- **Material provided**
◆ ◆ ◆ ◆ ◆

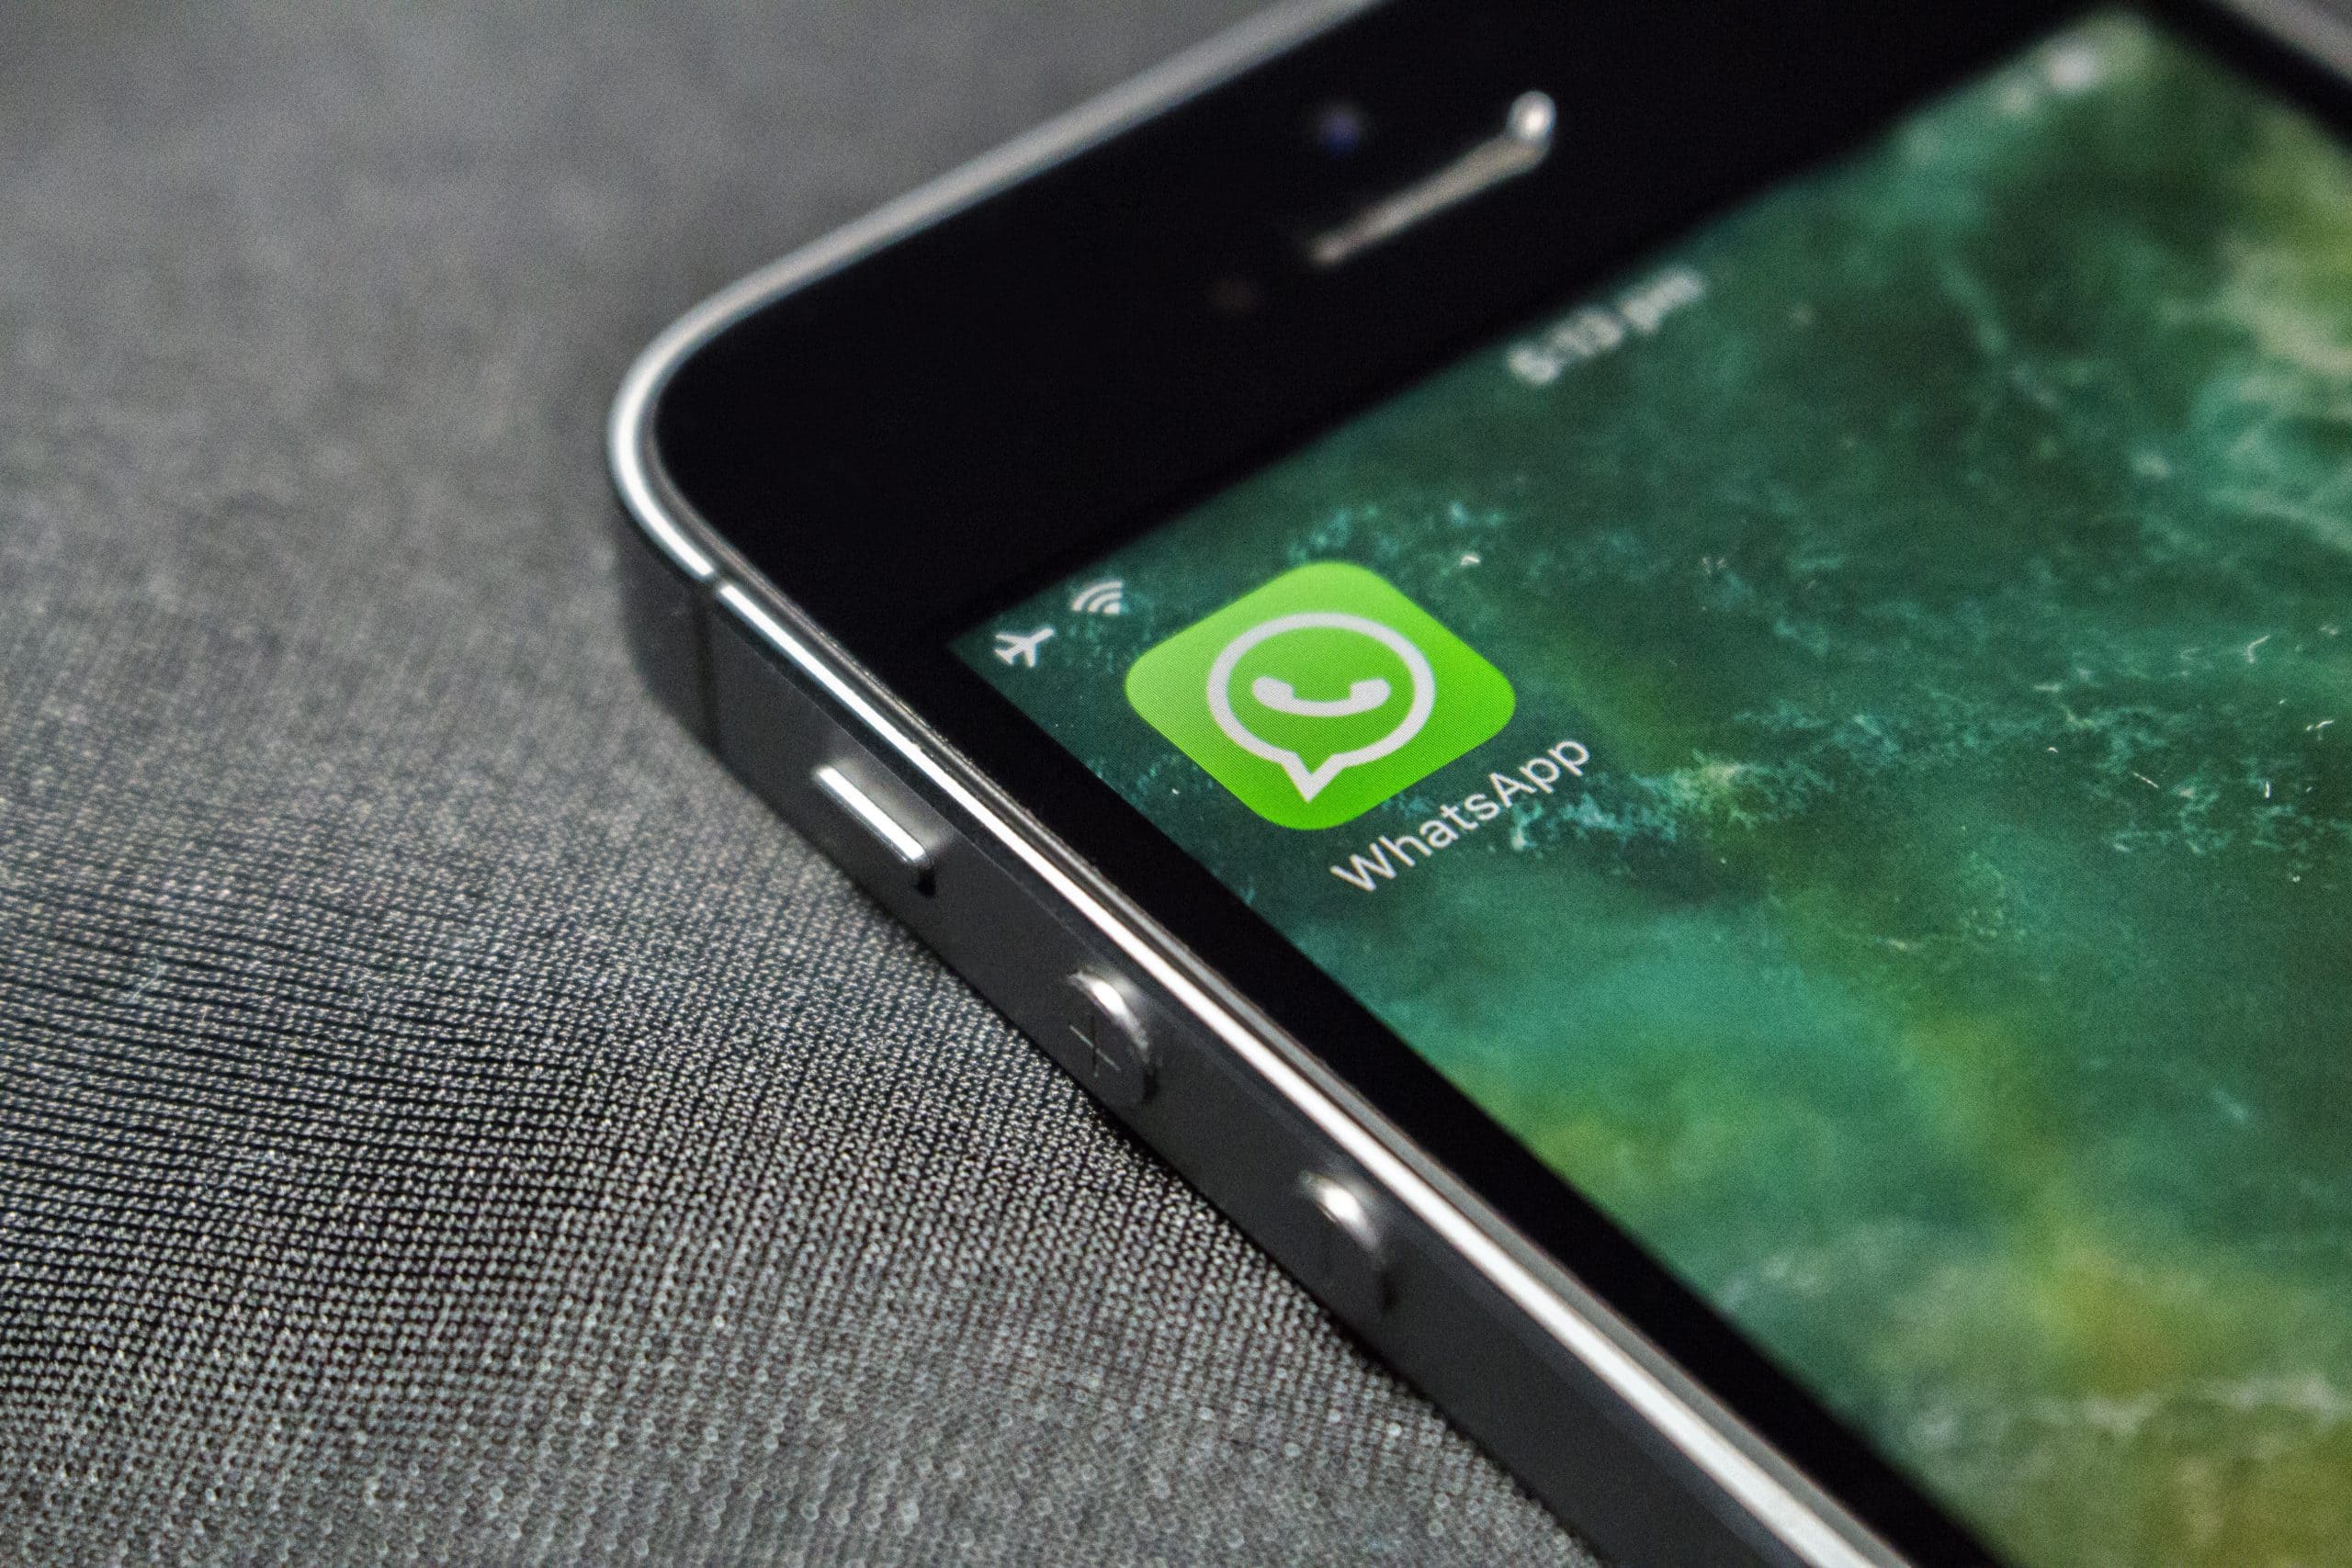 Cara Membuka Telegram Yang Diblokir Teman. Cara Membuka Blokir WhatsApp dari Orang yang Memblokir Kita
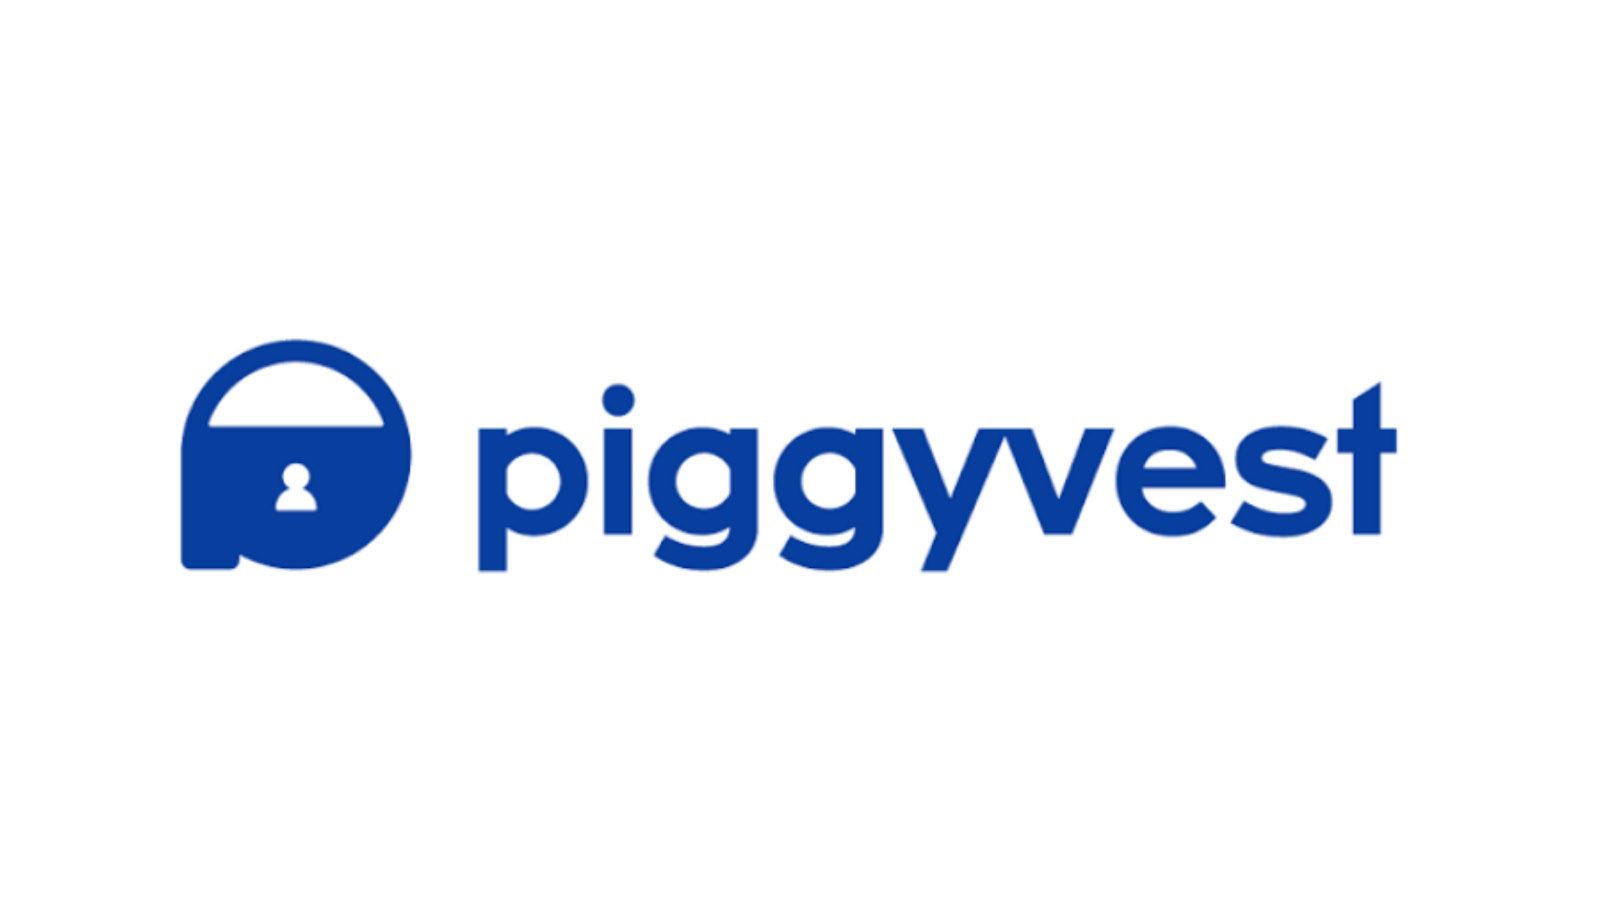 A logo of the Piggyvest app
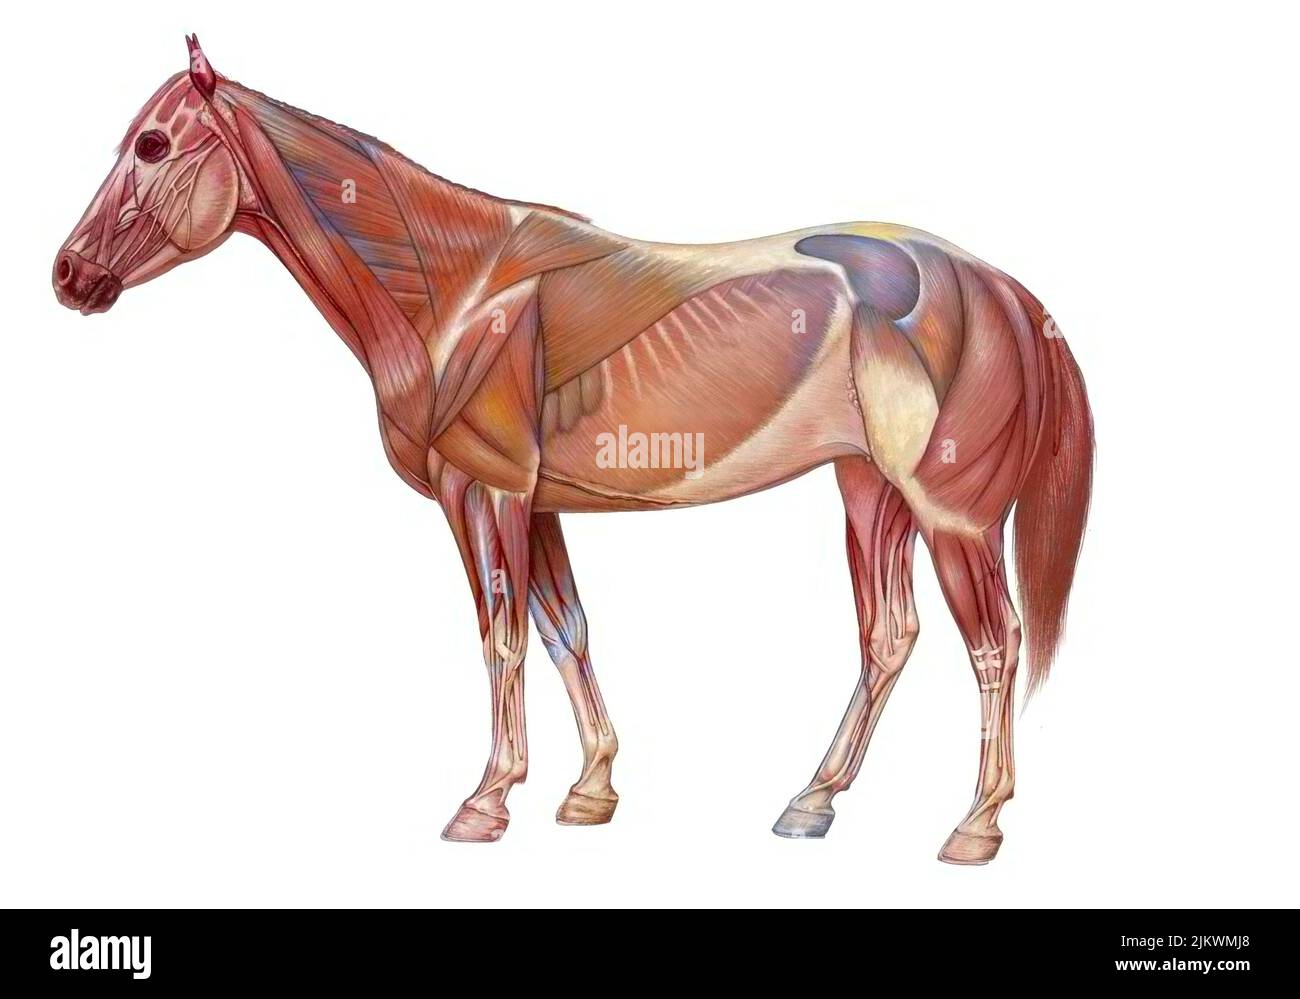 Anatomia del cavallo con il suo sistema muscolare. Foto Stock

◆ ◆ ◆ ◆ ◆

- **What the exercise asks**
Your task is to repeat exactly the lines from the one containing "A logo of the Piggyvest app" through the end of the material, both included, and only those, without pictures.

- **Response to this exercise**
 A logo of the Piggyvest app
 Anatomia del cavallo con il suo sistema muscolare. Foto Stock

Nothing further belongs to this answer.